DATA —

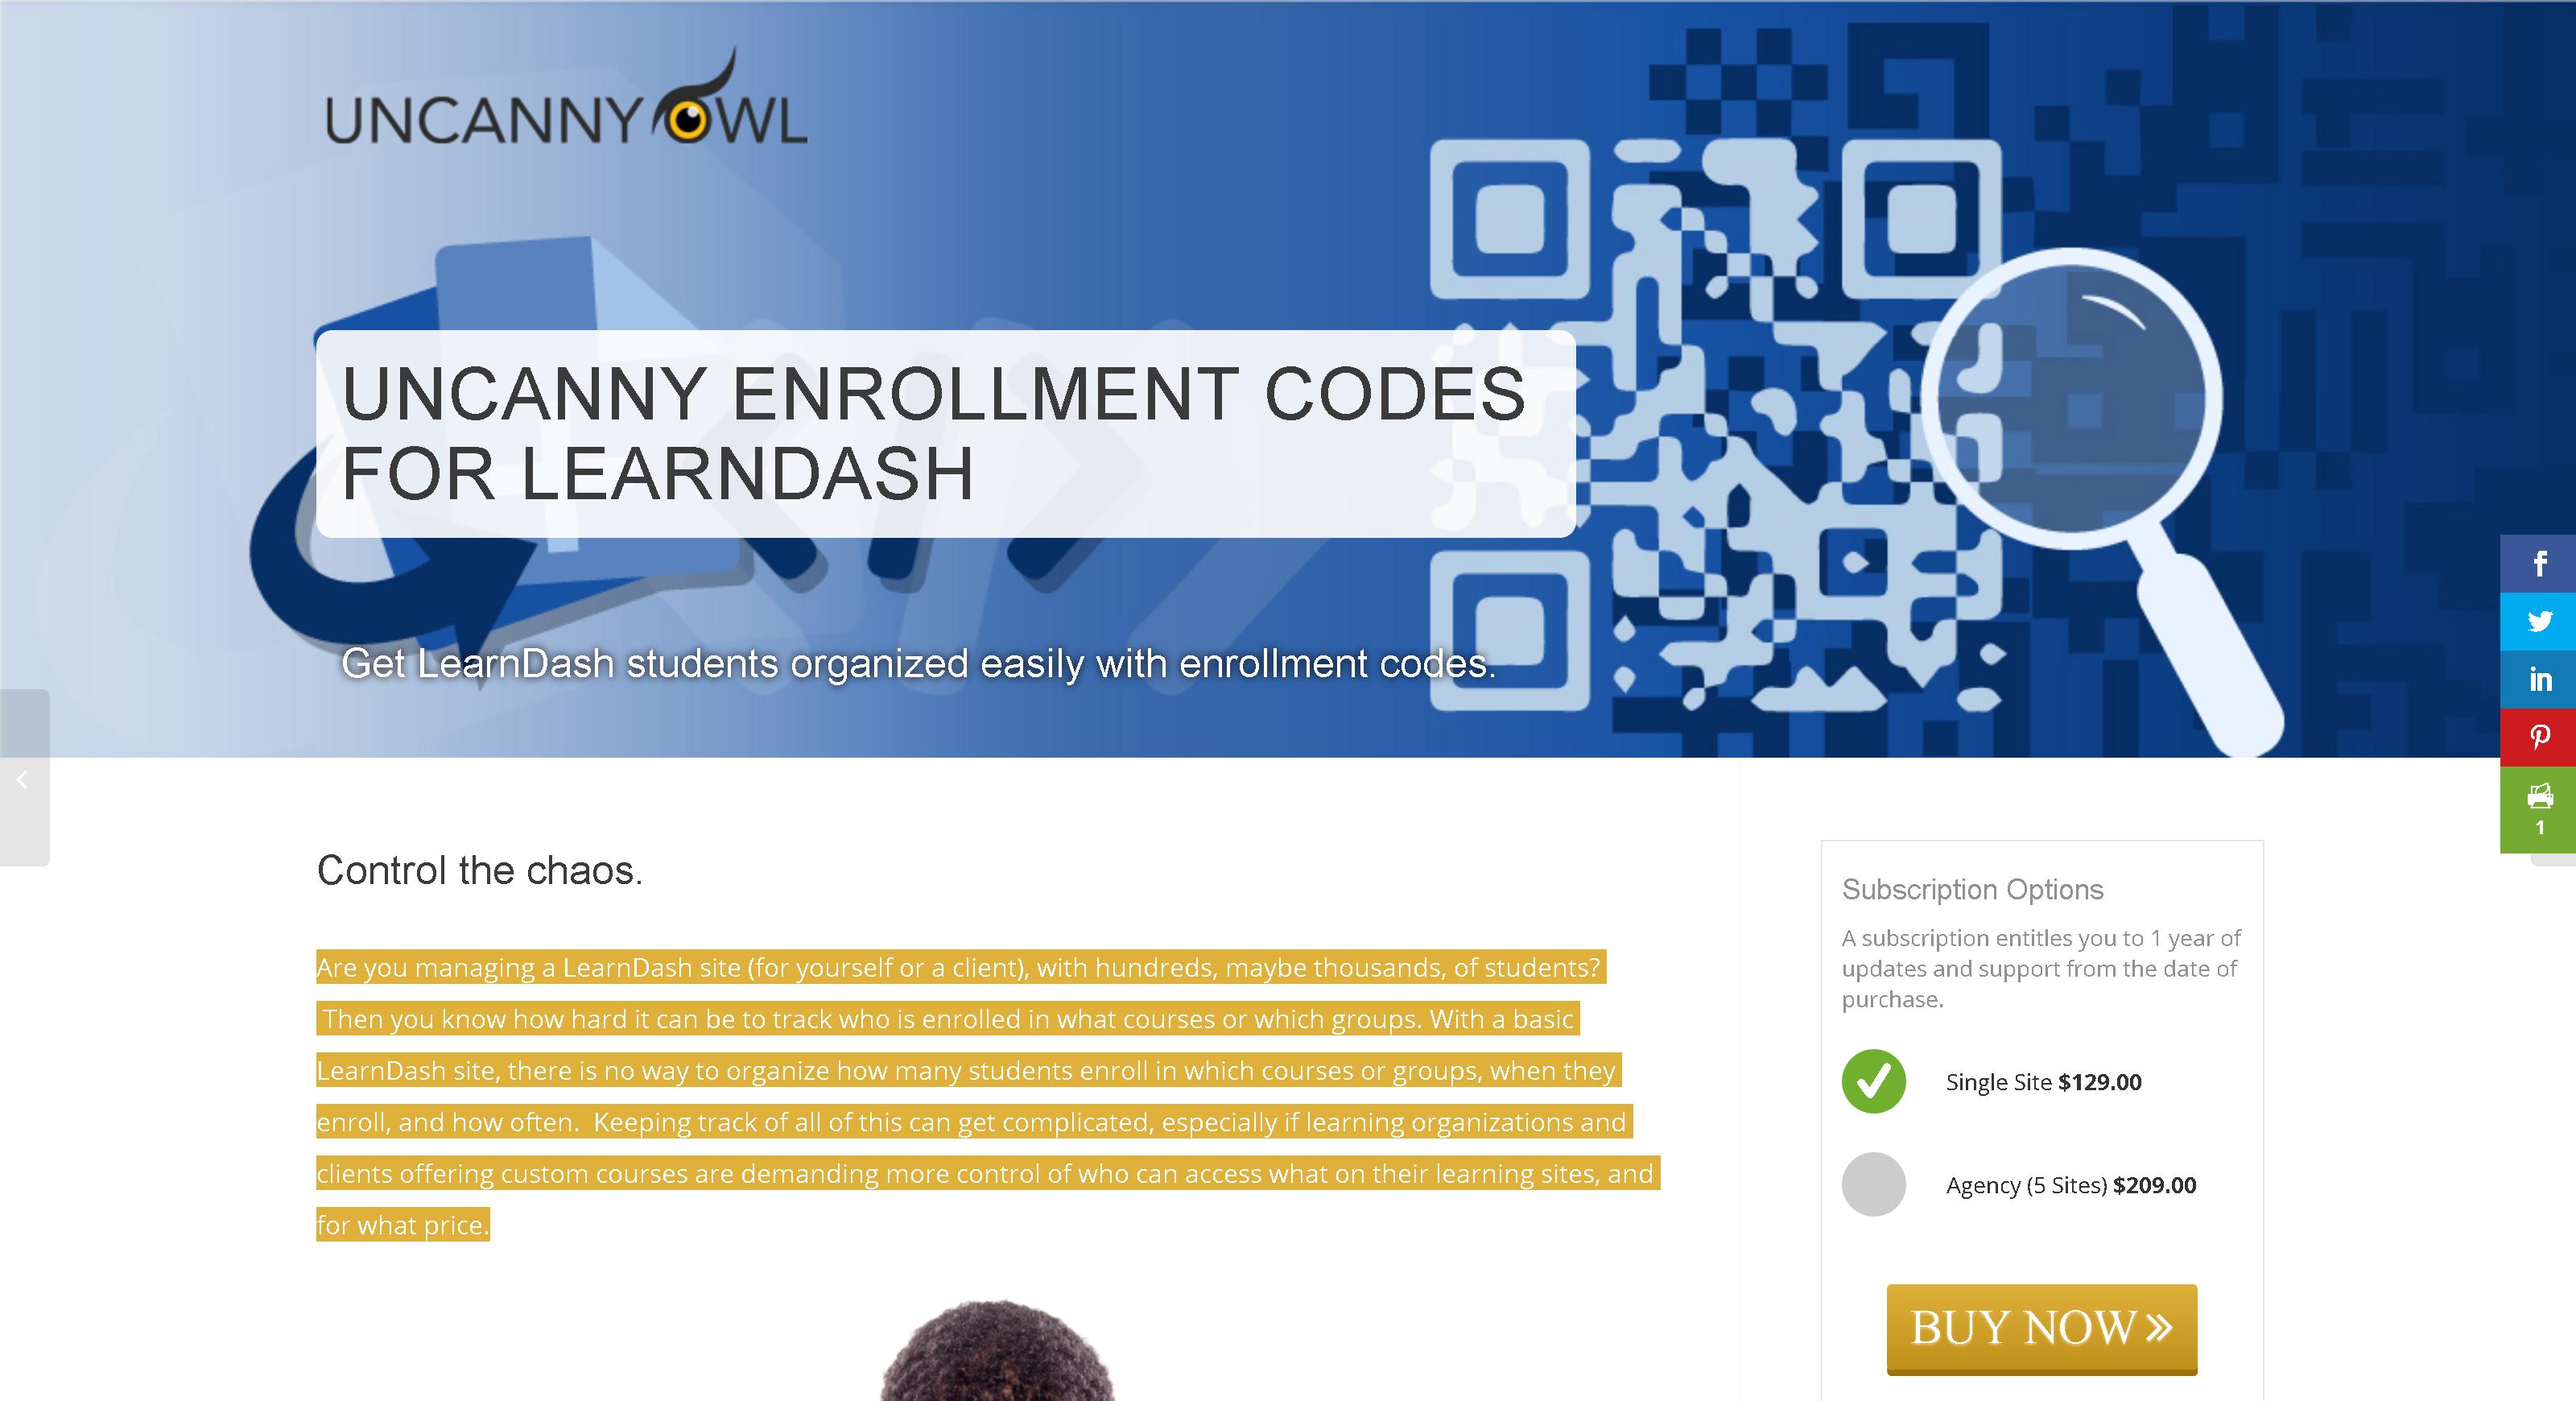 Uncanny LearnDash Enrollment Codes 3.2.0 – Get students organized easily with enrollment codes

* * *

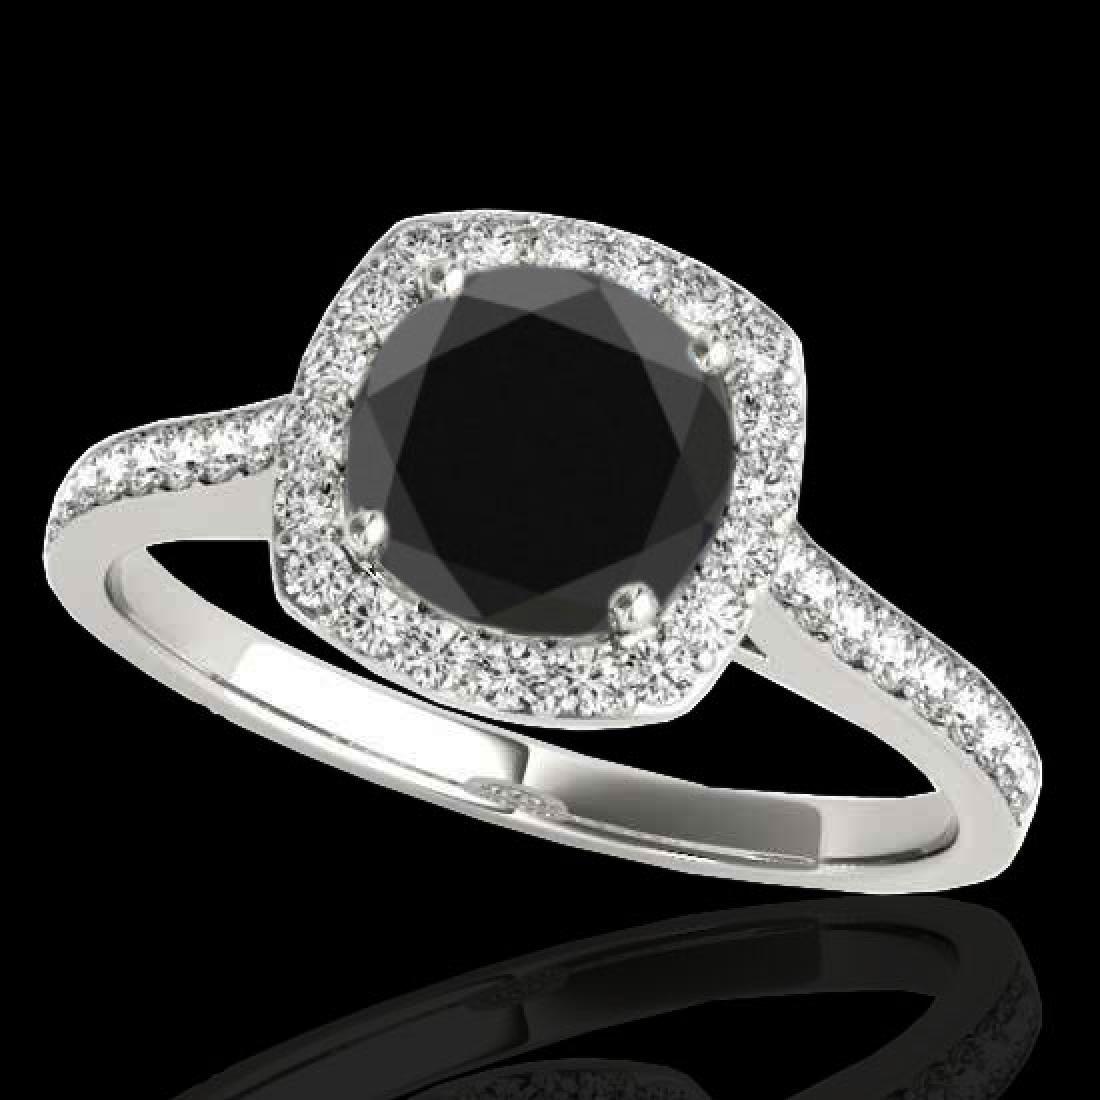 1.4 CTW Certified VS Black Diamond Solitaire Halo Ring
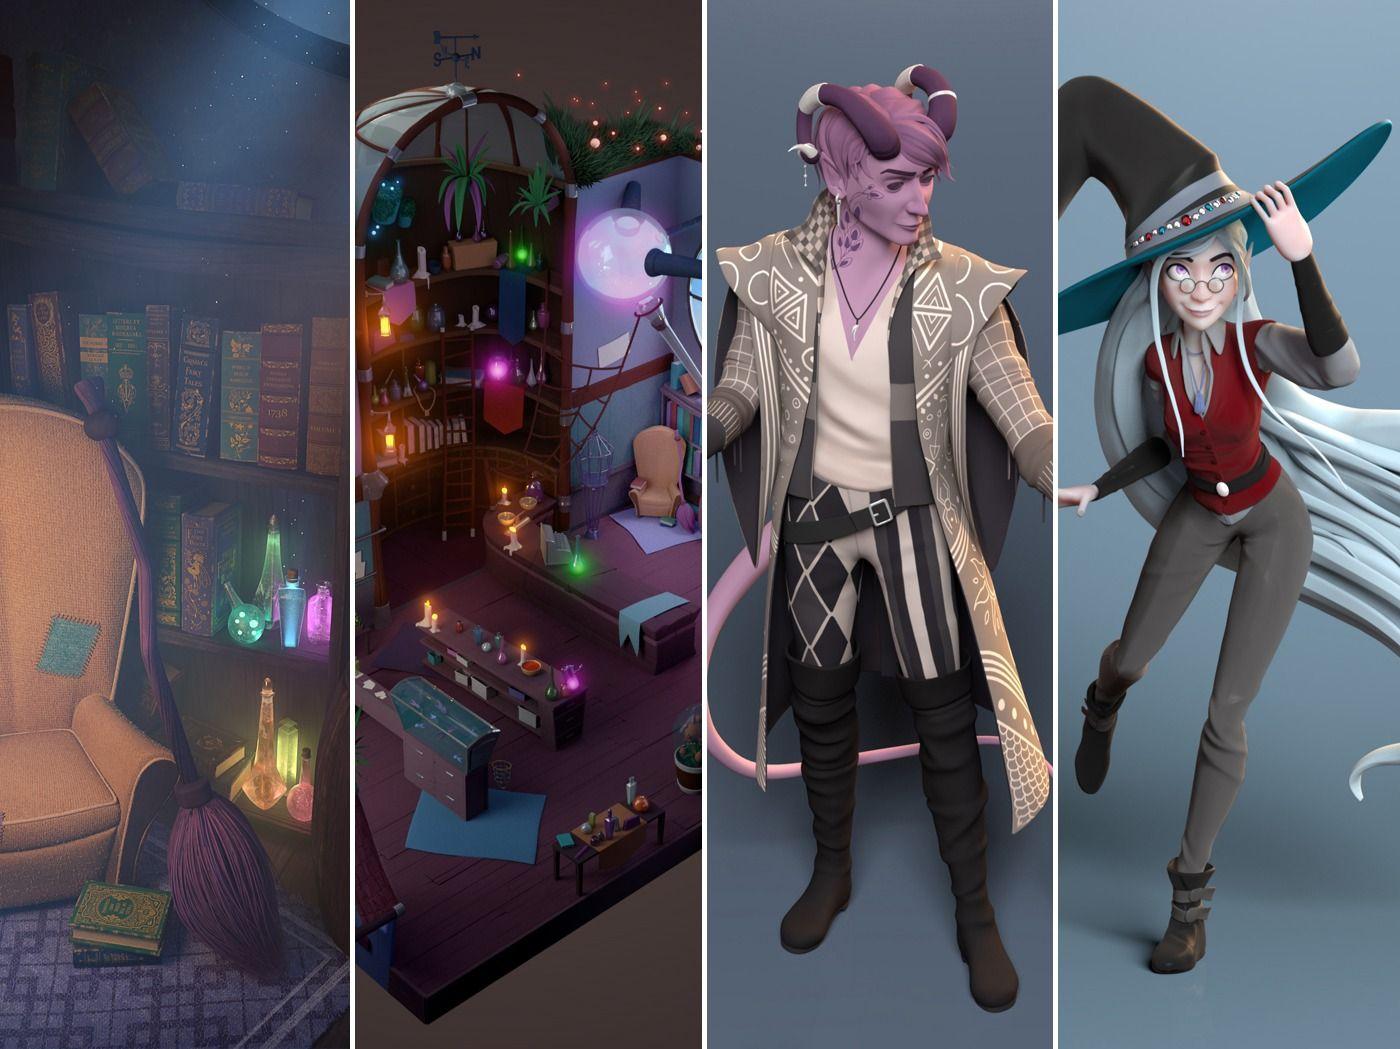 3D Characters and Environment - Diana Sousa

--

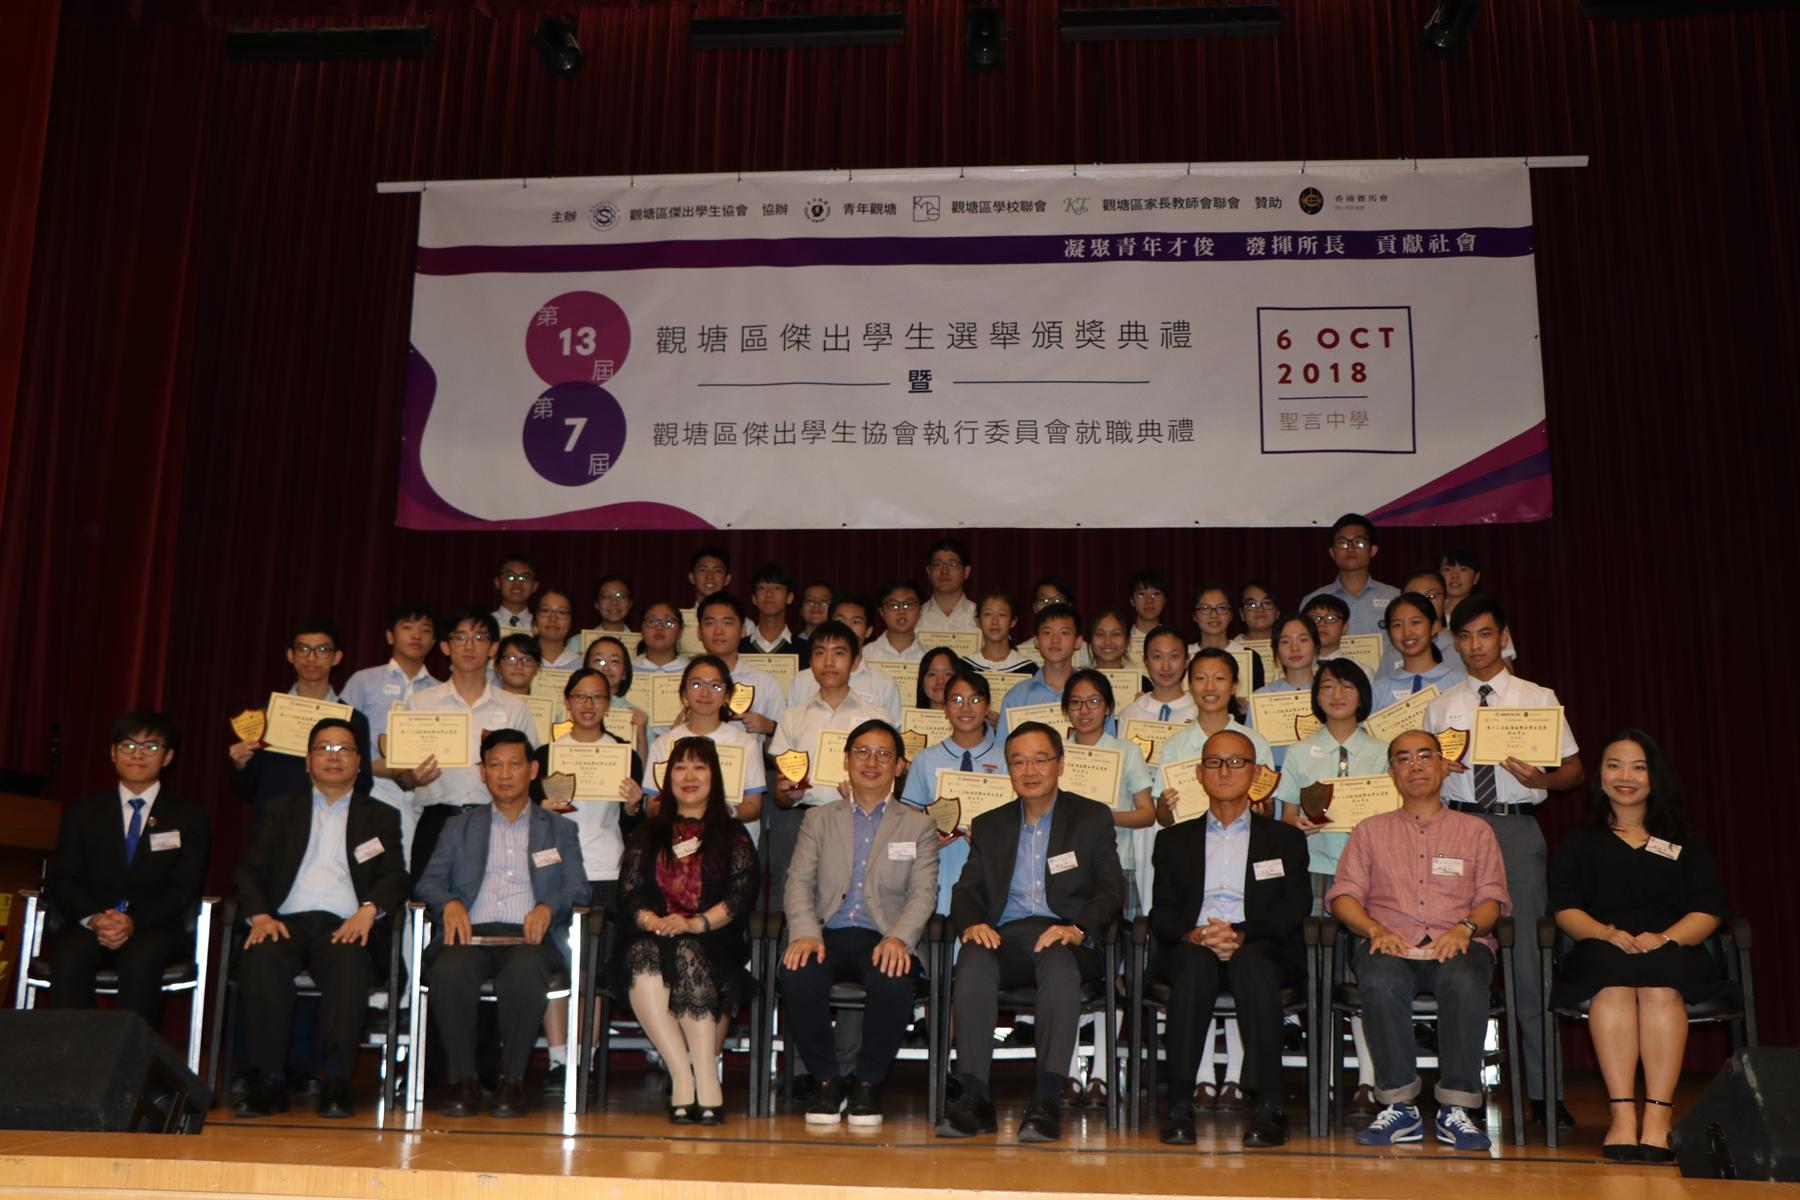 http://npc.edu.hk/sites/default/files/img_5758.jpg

REQUIRED ACTION —
With pictures excluded, reproduce exactly the lines above from the one containing "1.4 CTW Certified" down to the one containing "3D Characters and Environment - Diana Sousa", those two included.

RESPONSE AREA —
 1.4 CTW Certified VS Black Diamond Solitaire Halo Ring
 3D Characters and Environment - Diana Sousa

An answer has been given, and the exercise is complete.